> **TASK TO COMPLETE**: Print the data exactly as written, line for line, and leave its pictures behind.

[Opening RAW DATA section]

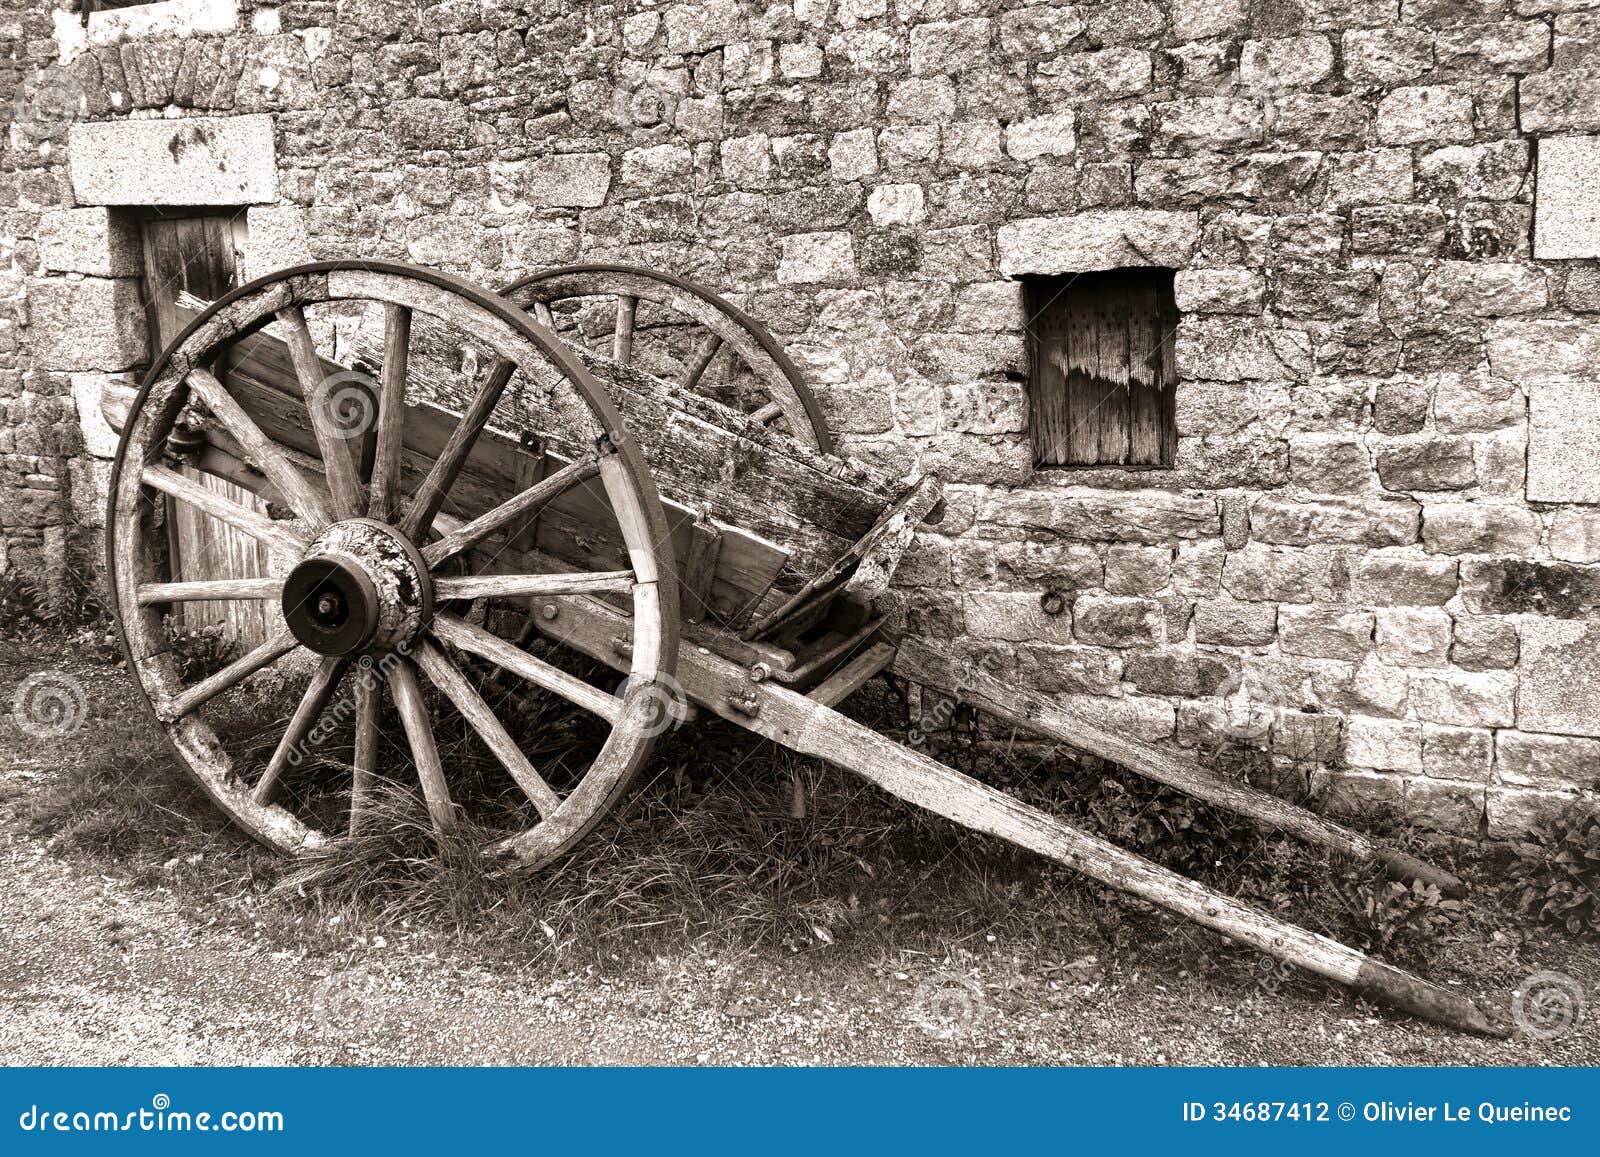 Antique Wood Wagon Wheel Carriage Cart At Old Farm Stock Photography 
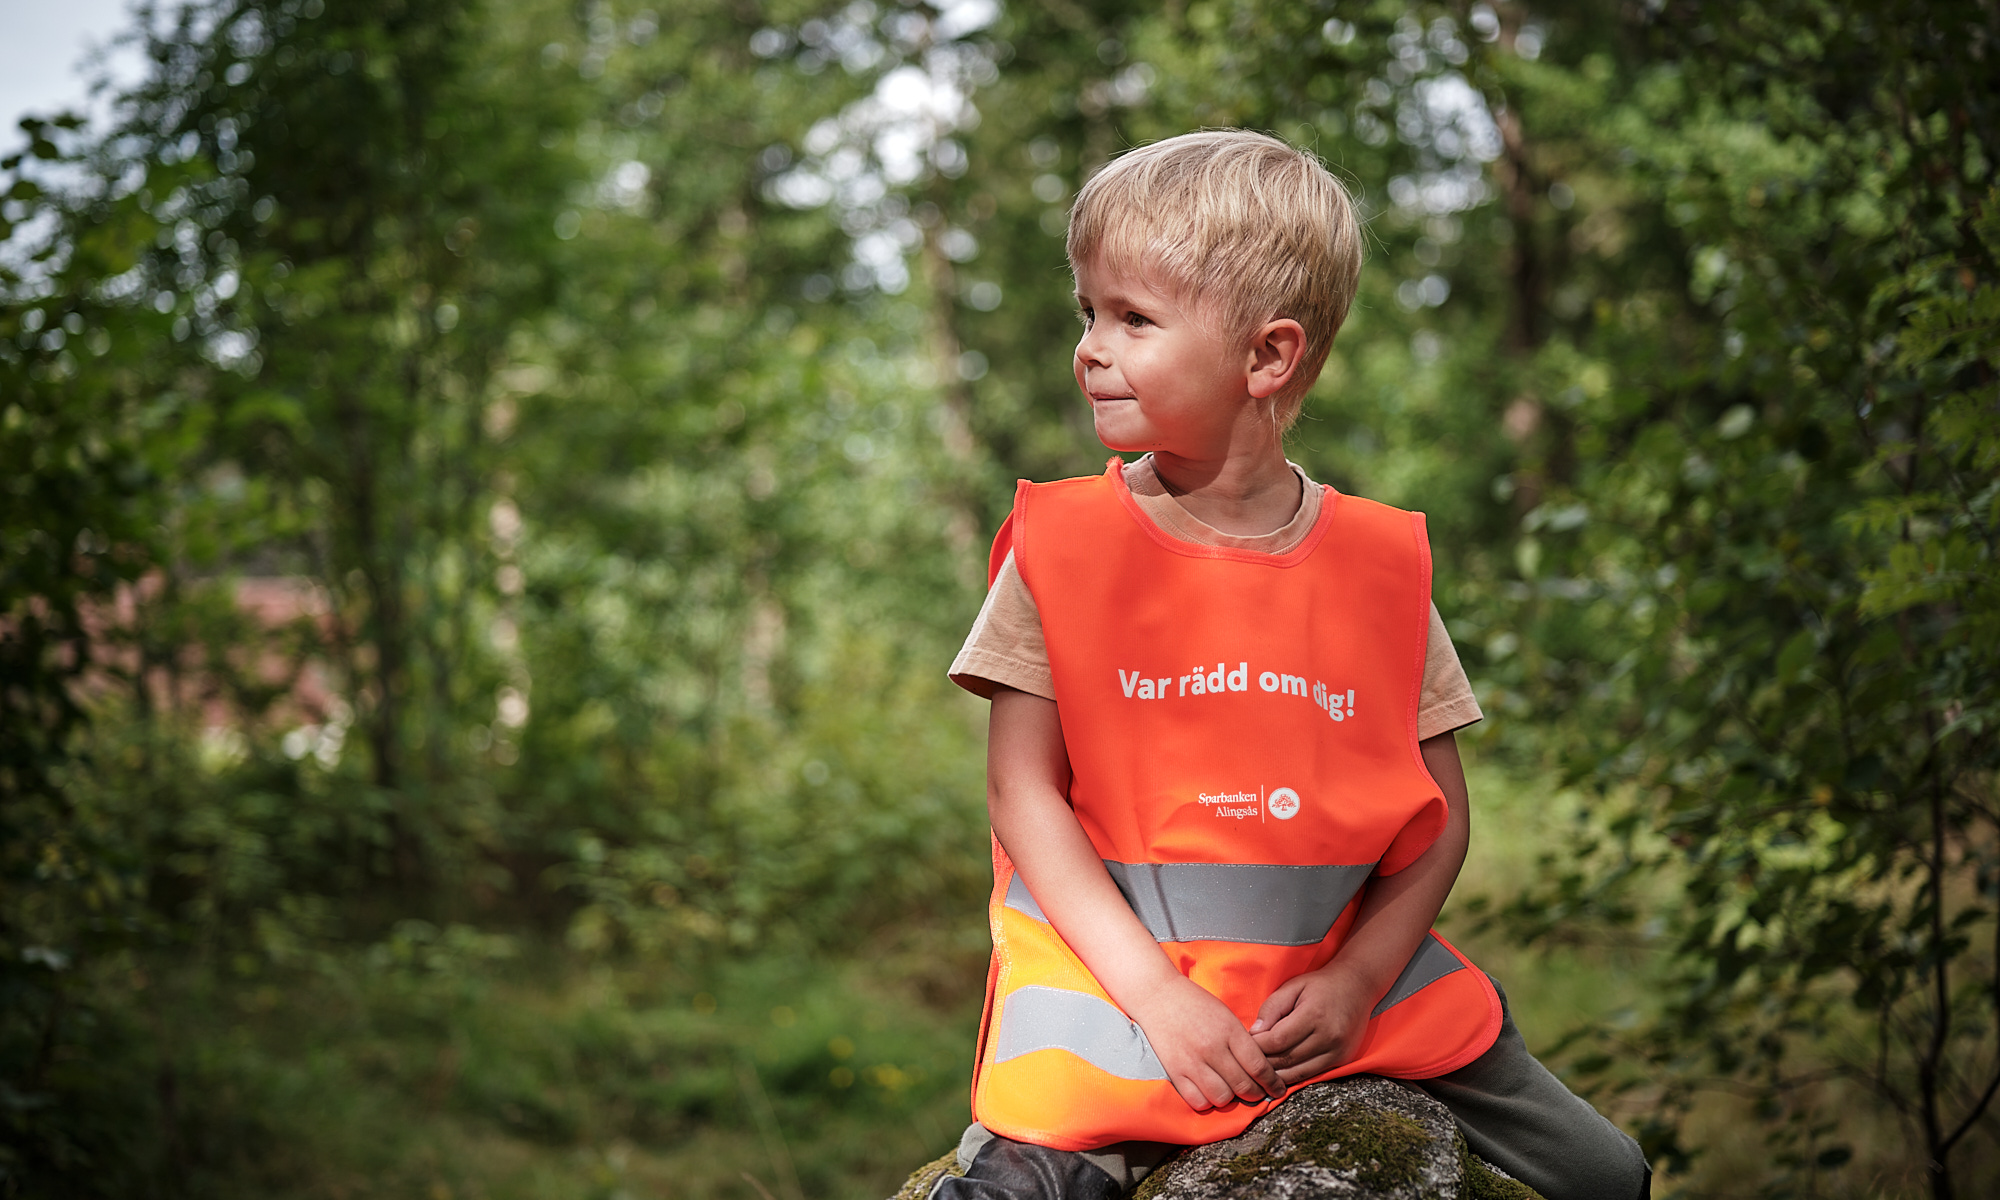 We give  reflective vest to all children who are 6 years and start school.
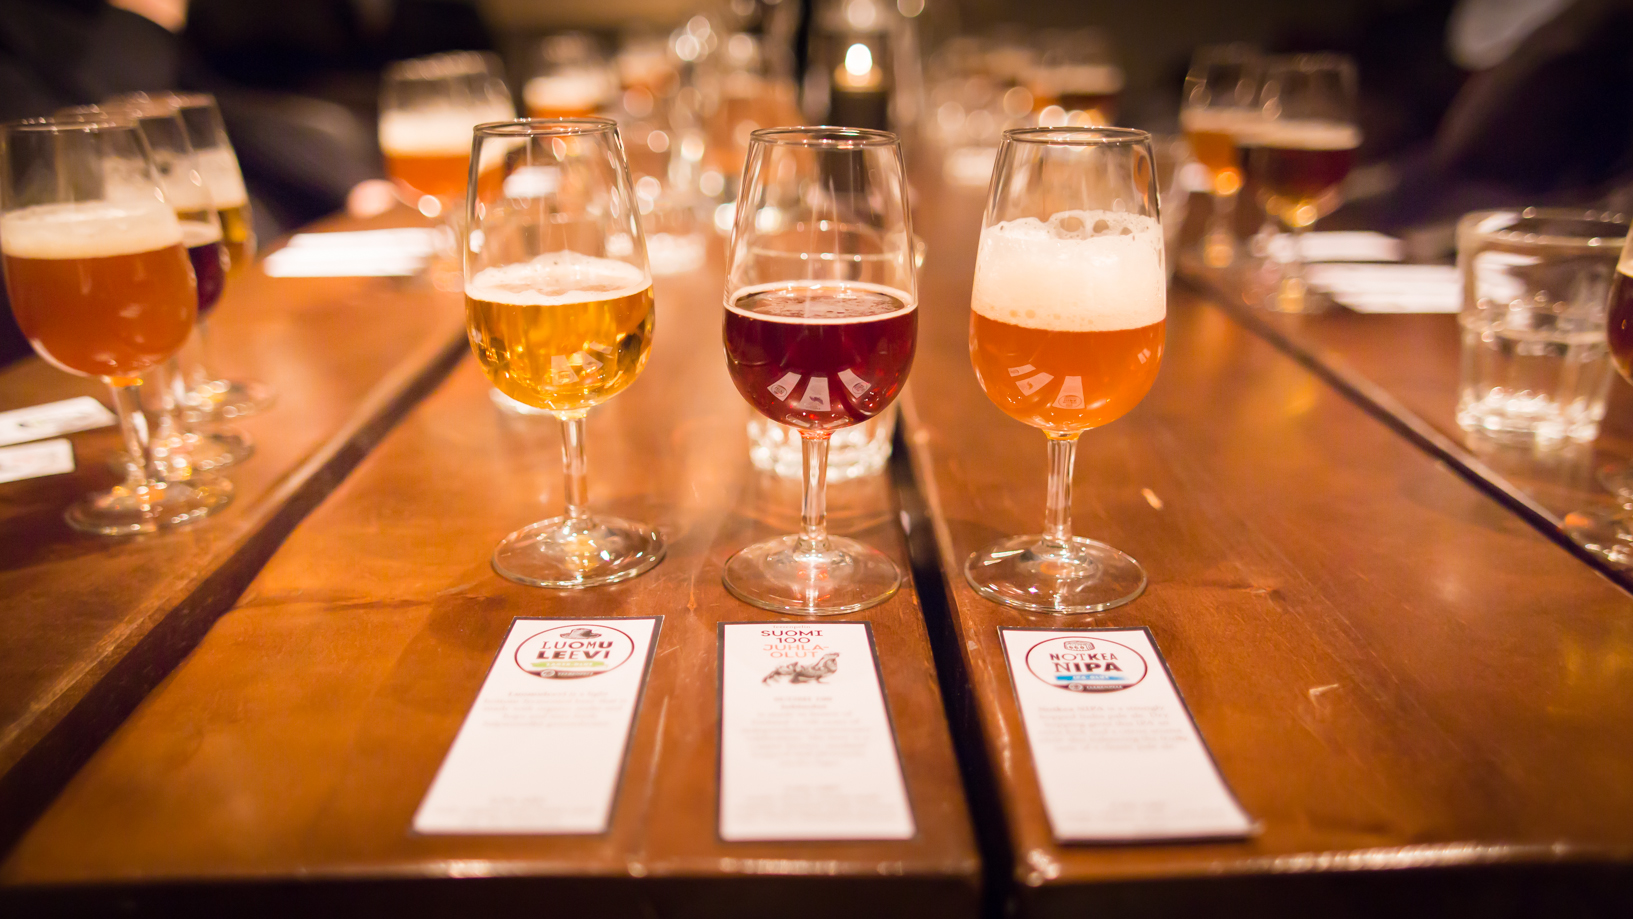 A flight of three beers in long-stemmed glasses sits at eye level on a wooden table.
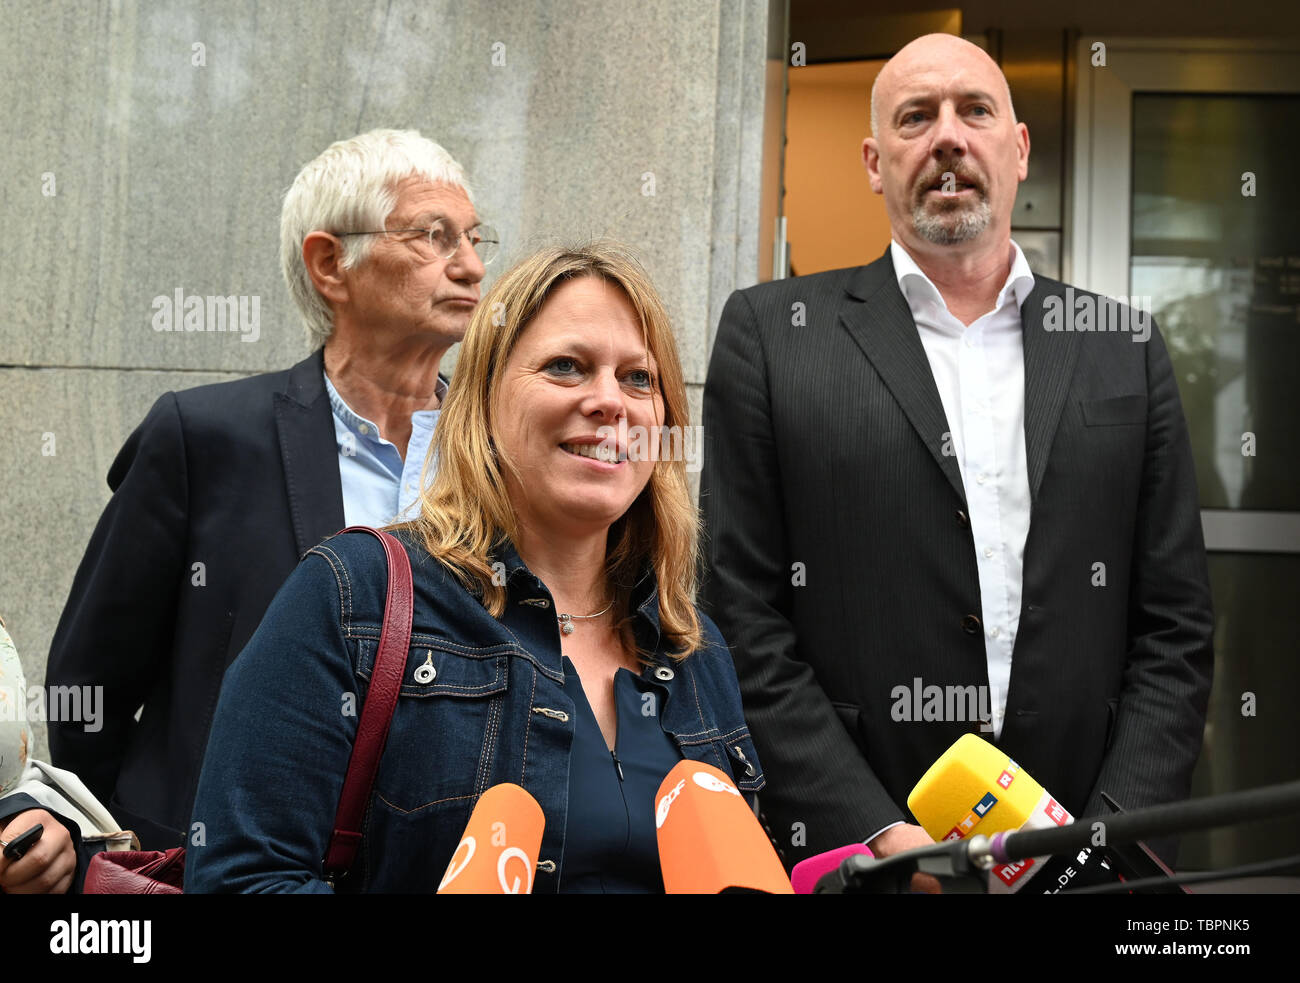 Bremen, Germany. 03rd June, 2019. Maike Schaefer, top candidate of the Green Party for the citizens' elections, gives an interview in front of the CDU's party headquarters. Behind her are Carsten Meyer-Heder (r), top candidate of the CDU, and Hermann Kuhn (l), co-chairman of the Green Party. The CDU, FDP and Greens meet for Jamaica talks for the first time. Credit: Carmen Jaspersen/dpa/Alamy Live News Stock Photo

[Closing RAW DATA section]

> **ANSWER BOX**:
 Antique Wood Wagon Wheel Carriage Cart At Old Farm Stock Photography 
 We give  reflective vest to all children who are 6 years and start school.
 A flight of three beers in long-stemmed glasses sits at eye level on a wooden table.
 Bremen, Germany. 03rd June, 2019. Maike Schaefer, top candidate of the Green Party for the citizens' elections, gives an interview in front of the CDU's party headquarters. Behind her are Carsten Meyer-Heder (r), top candidate of the CDU, and Hermann Kuhn (l), co-chairman of the Green Party. The CDU, FDP and Greens meet for Jamaica talks for the first time. Credit: Carmen Jaspersen/dpa/Alamy Live News Stock Photo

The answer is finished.